W tym konflikcie Kościół broni kobiet przed agresją, ale stara się
też ratować męża agresora. Najprościej byłoby, naturalnie, działać
w sposób mechaniczny - męża zamknąć w więzieniu, a kobietę umieścić
w schronisku, ale to nie rozwiązuje sprawy do końca. Źródłem agresji
i alkoholizmu jest m.in. utrata wiary, sensu życia, wyższych racji
postępowania. Agresja jest wypełnieniem pustki, zaś program wychowawczy
Kościoła broni człowieka przed pustką.
Ratować młodzież
Mówi się, że spożycie alkoholu przez jednego mieszkańca w Polsce
spadło. W latach 1992/93 statystyczny Polak wypijał średnio 10-11
litrów alkoholu rocznie. Statystyki z 1997 r. mówią o średnim spożyciu
w granicach 7-9 litrów. Są to jednak nadal wysokie liczby. Poza tym
w obrębie polskiego modelu picia pojawiły się nowe niepokojące zjawiska.
Jest to m.in. wzrost spożycia alkoholu przez kobiety i ludzi bardzo
młodych, a nawet dzieci. Szczególnie niepokojący jest wzrost spożycia
piwa w grupie najmłodszych konsumentów. Młodzież poddawana jest starannie
przygotowanym działaniom promującym picie alkoholu, a badania rynkowe
potwierdzają skuteczność tych oddziaływań. Jest to sygnał, że alkohol
wtargnął w populację szczególnie delikatną i wrażliwą. W Polsce co
roku przybywa kilka tysięcy nowych punktów sprzedaży alkoholu - np.
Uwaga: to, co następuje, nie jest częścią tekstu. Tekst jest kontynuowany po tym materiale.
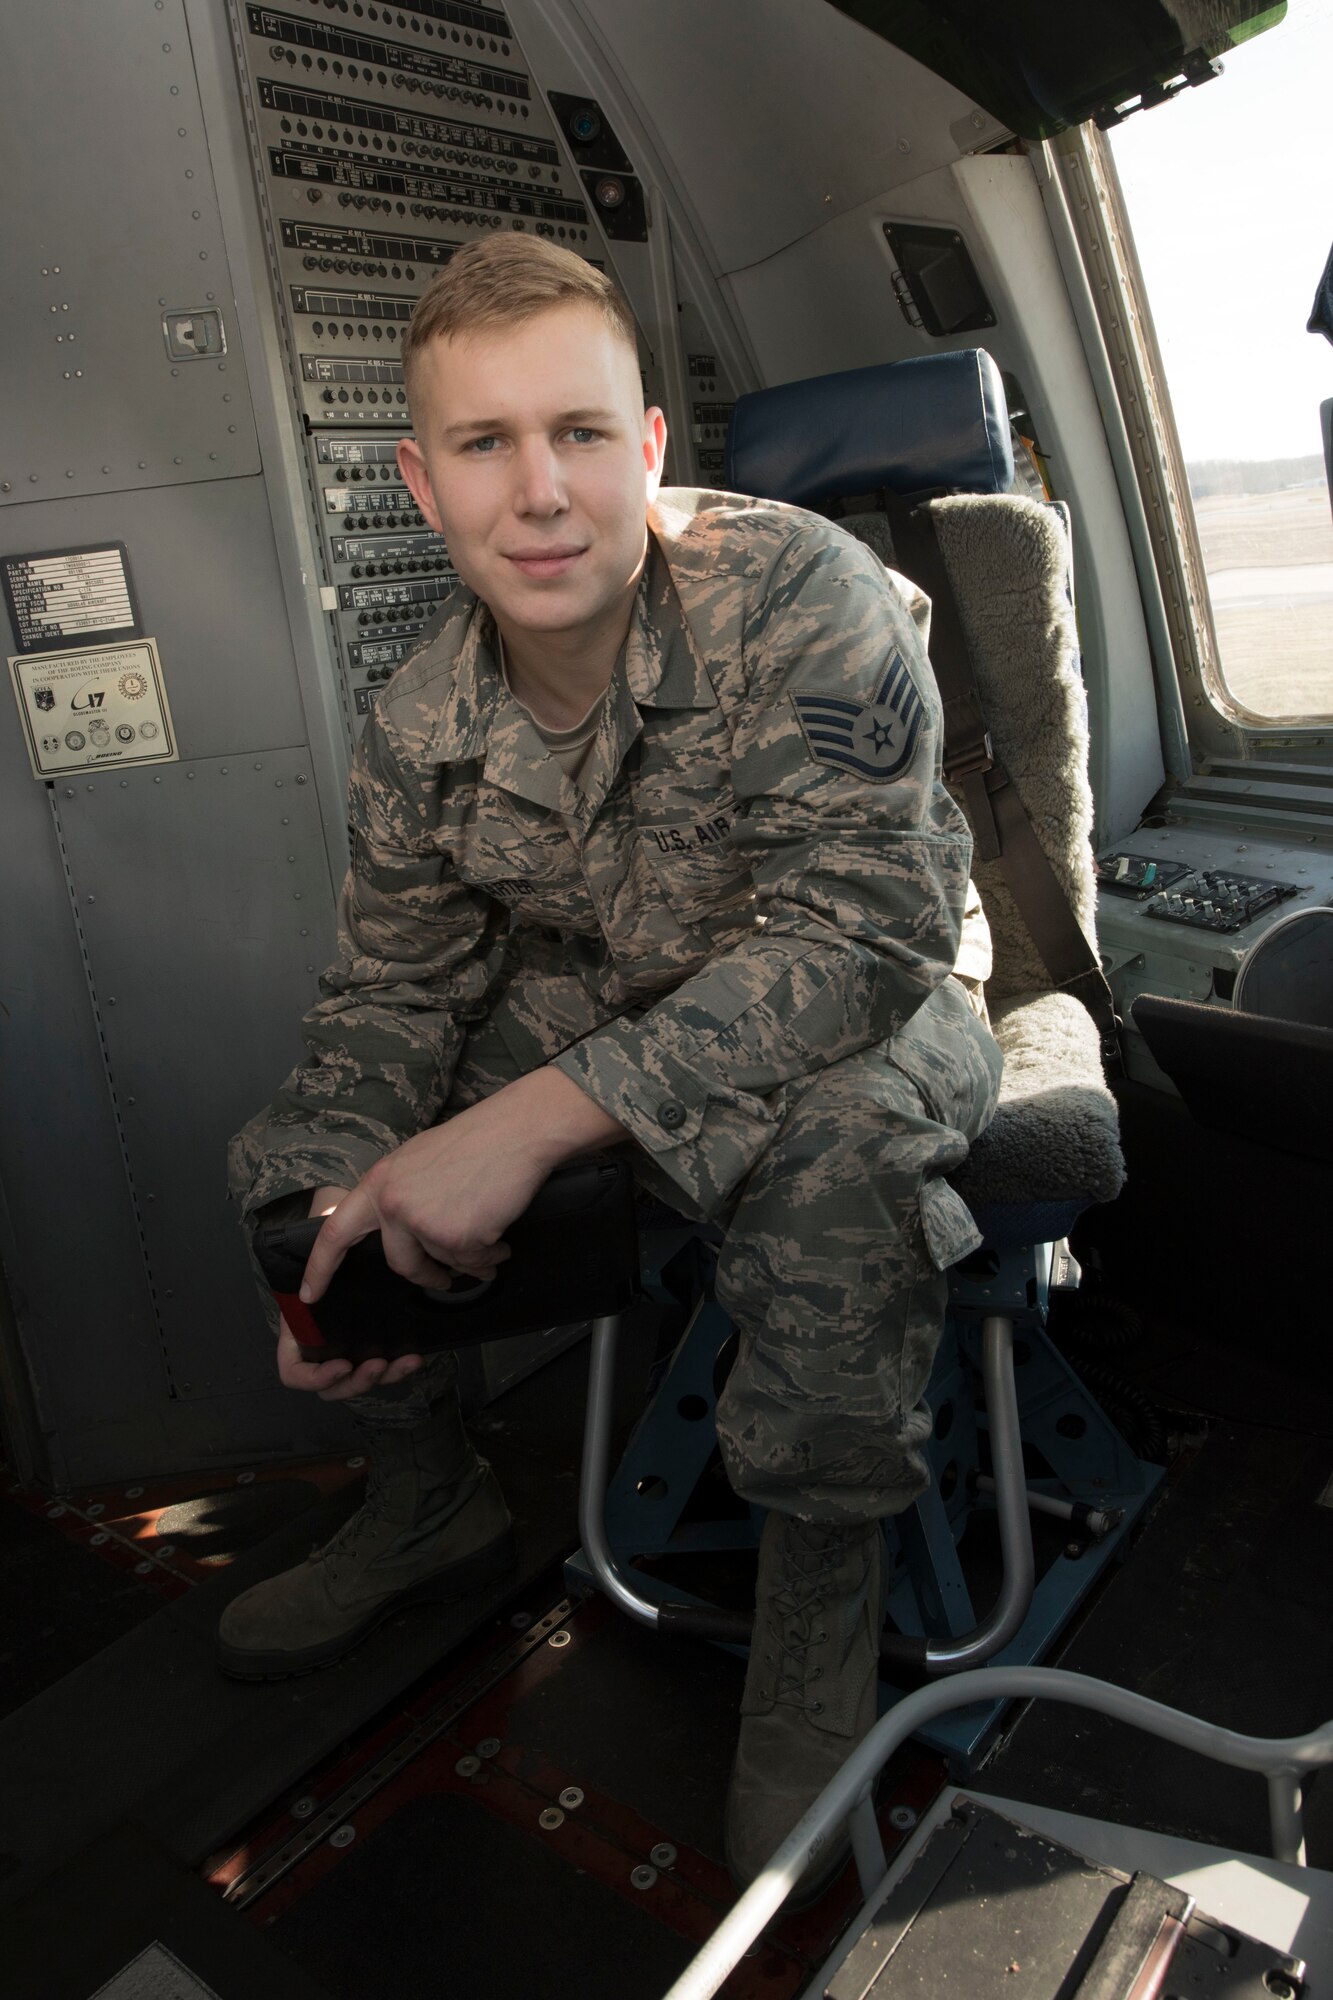 Staff Sgt. Dennis Carter is an integrated avionics systems mechanic for the 167th Airlift Wing. He is the wing's Airman Spotlight for January 2018. (U.S. Air National Guard photo by Senior Master Sgt. Emily Beightol-Deyerle)

w 1996 r. było ich 164 tys., zaś w 1997 r. już ponad 169 tys. Wpływy
do budżetu z tytułu sprzedaży alkoholu wyniosły w 1997 r. 6,4 miliarda
zł, ale straty ekonomiczne związane z jego nadużywaniem szacuje się
na 25 mld zł rocznie. Faktem jest, że w rozwiązywanie problemów alkoholizmu
coraz mocniej angażują się samorządy lokalne, że ich sojusznikiem
są kapłani prowadzący w całym kraju poradnie duszpasterstwa trzeźwości,
zakładający schroniska dla ofiar przemocy w rodzinie. Przybywa osób
przeszkolonych w zakresie rozwiązywania problemów alkoholowych, wdrażane
są nowe metody i programy profilaktyczne, ale... wobec skali zjawiska
jest to ciągle zbyt mało. Szczególnie dotkliwy jest niedobór placówek
lecznictwa odwykowego oraz zbyt mała liczba dzieci i młodzieży objętej
programem profilaktyki.
W sierpniu, który jest miesiącem szczególnej modlitwy
o trzeźwość narodu, modlitwy, która powinna być poparta alkoholową
abstynencją, warto przypomnieć słowa XIX-wiecznego proboszcza z Piekar,
iż "gorzałka ciało i duszę gubi i zabija".